There is a bit of a workaround explained here.
这里有一个解决方法。
#4
1
I don't think it would be useful. R is not a real OOP language. The "central" data structure in R is the data frame. No need for Object-Relational Mapping here.What you want is a mapping between SQL tables and data frames and the RMySQL and RODBC provide just that :
我不认为它有用。R不是真正的OOP语言。R中的“中心”数据结构是数据框架。这里不需要对象关系映射。您需要的是SQL表和数据帧之间的映射,而RMySQL和RODBC提供的是:
dbGetQuery to return the results of a query in a data frame and dbWriteTable to insert data in a table or do a bulk update ( from a data frame).
dbGetQuery返回数据框架和dbWriteTable中的查询结果,以在表中插入数据或进行批量更新(从数据帧)。
#5
1
Next to the various driver packages for querying DBs (DBI, RODBC,RJDBC,RMySql,...) and dplyr, there's also sqldf https://cran.r-project.org/web/packages/sqldf/
在查询DBs (DBI、RODBC、RJDBC、RMySql、…)和dplyr的各种驱动程序包的旁边,还有sqldf https://cran.r project.org/web/packages/sqldf/。
This will automatically import dataframes into the db & let you query the data via sql. At the end the db is deleted.
这将自动将dataframes导入到db中,并允许您通过sql查询数据。最后删除db。
#6
0
As an experienced R user, I would not use this. First off, this 'virtual frame' would be slow to use, since you constantly need to synchronize between R memory and the database. It would also require locking the database table, since otherwise you have unpredictable results due to other edits happening at the same time.
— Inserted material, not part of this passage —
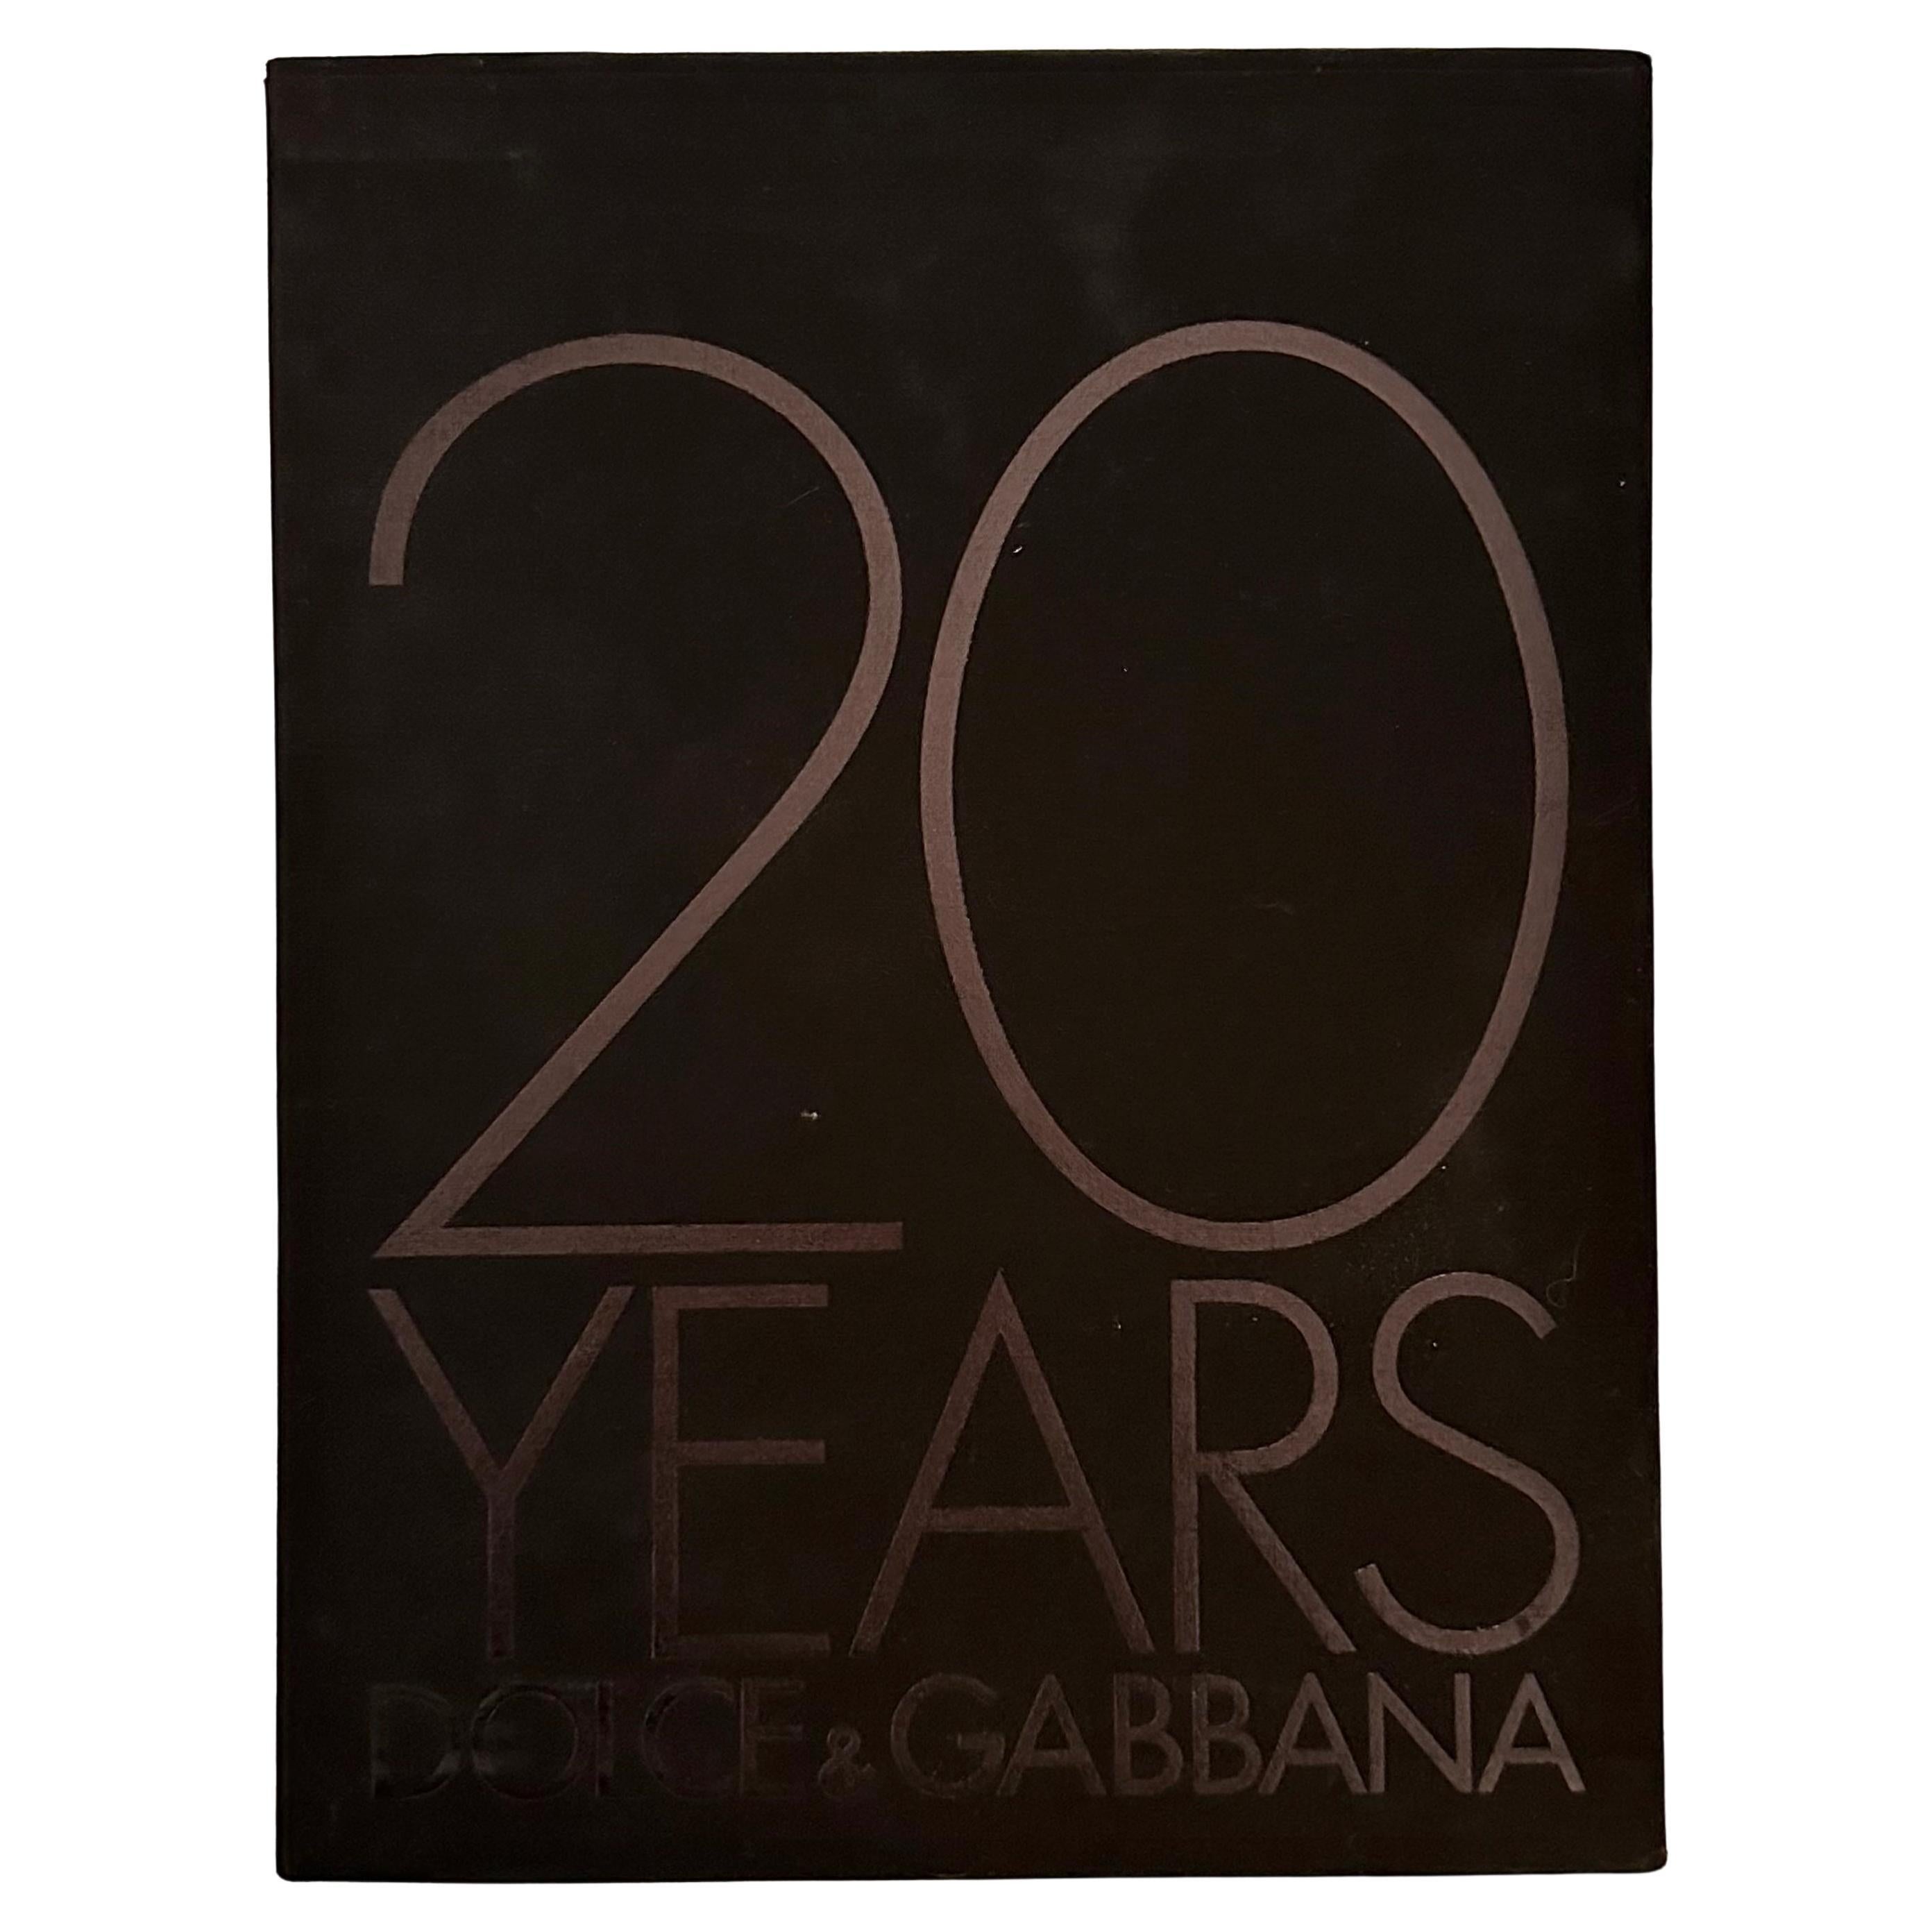 20 Years Dolce & Gabbana - Sarah Mower - 1st Edition, Milan, 2005 For Sale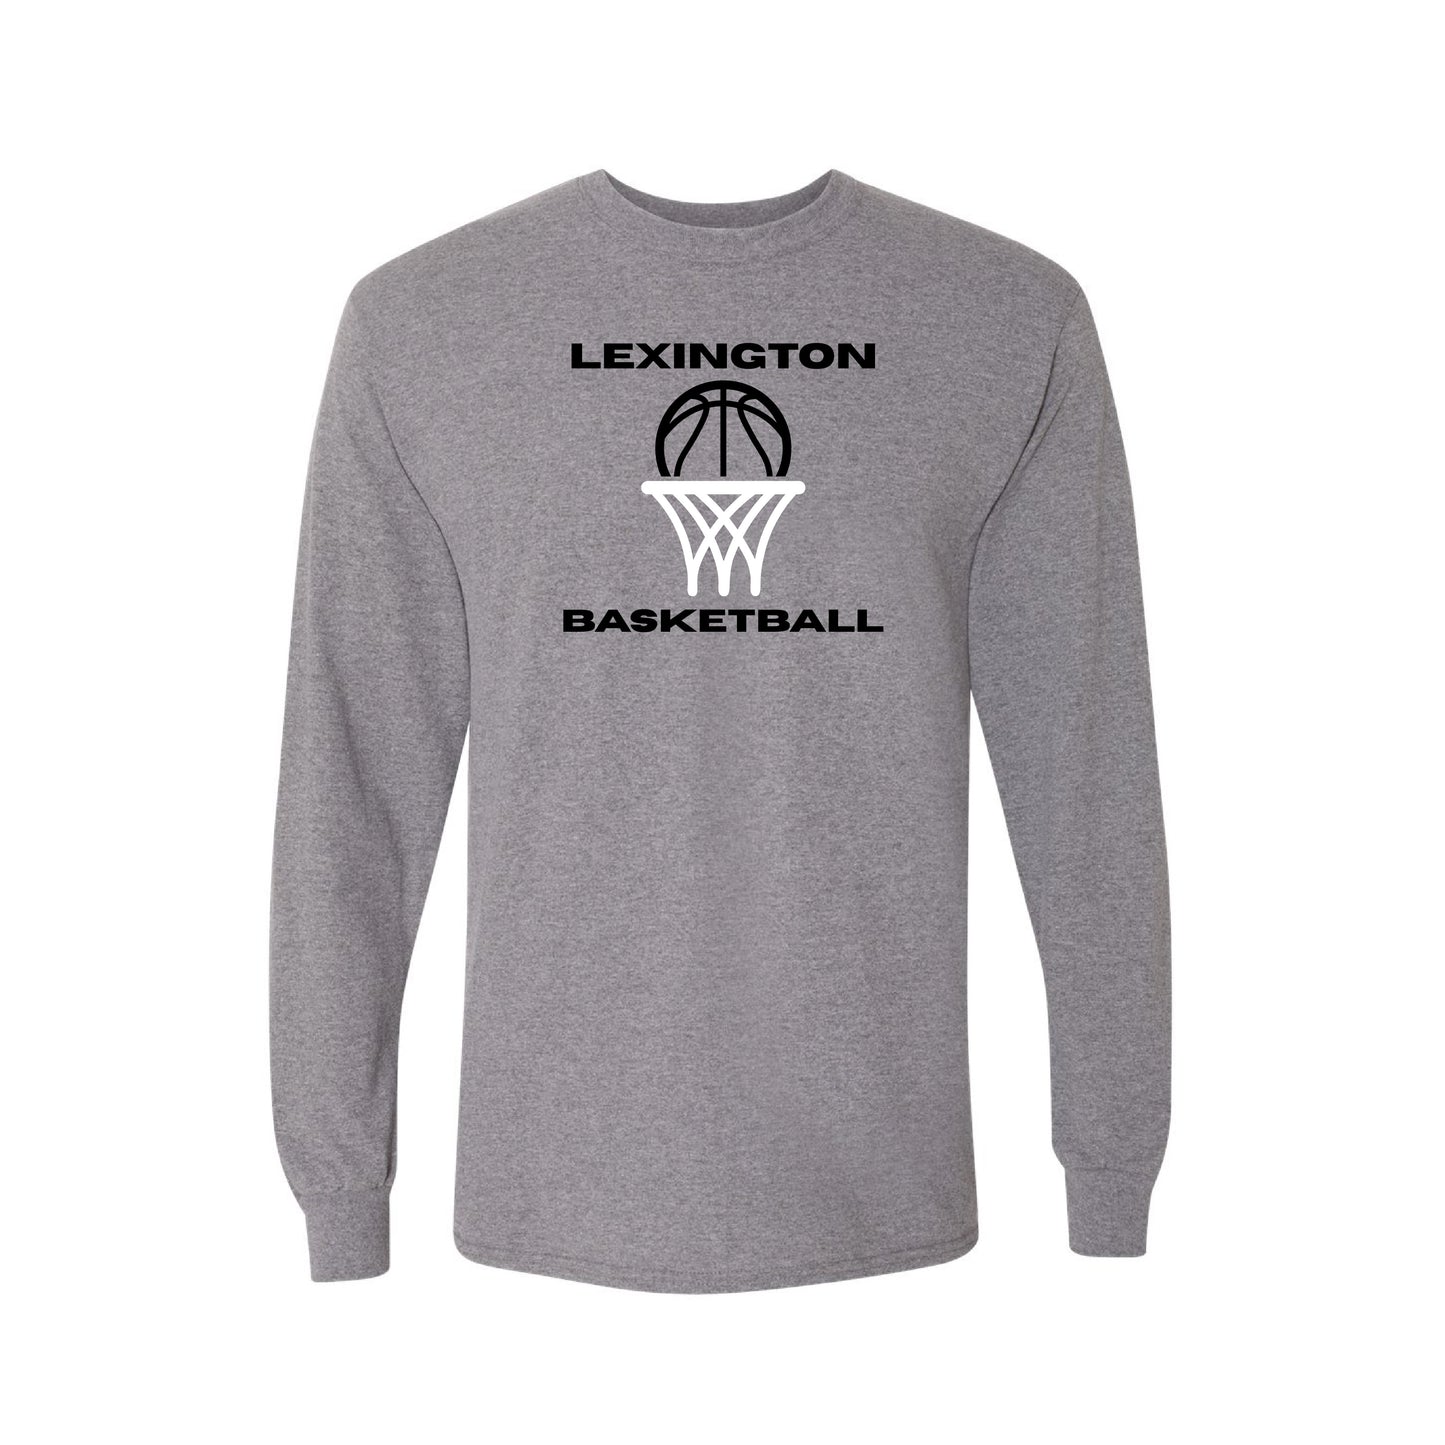 Lex Boys Basketball | Gildan DryBlend 50 Cotton/50 Poly Long Sleeve T-Shirt

作为一个有经验的R用户,我不会使用这个。首先,这个“虚拟帧”将会很慢,因为您需要经常在R内存和数据库之间进行同步。它还需要锁定数据库表,否则由于同时进行其他编辑,您将得到不可预测的结果。
Finally, I do not think R is suited for implementing a different evaluation of promise
objects. Doing myFrame$foo[ myFrame$foo > 40 ]
will still fetch the full foo
column, since you cannot possible implement a full translation scheme from R to SQL.
最后,我认为R不适合实现对承诺对象的不同评估。执行myFrame$foo[myFrame$foo > 40]仍然会获取完整的foo列,因为您无法实现从R到SQL的完整转换方案。
Therefore, I prefer to load a dataframe() from a query, use it, and write it back to the database if required.
因此,我更喜欢从查询加载dataframe(),使用它,并在需要时将其写回数据库。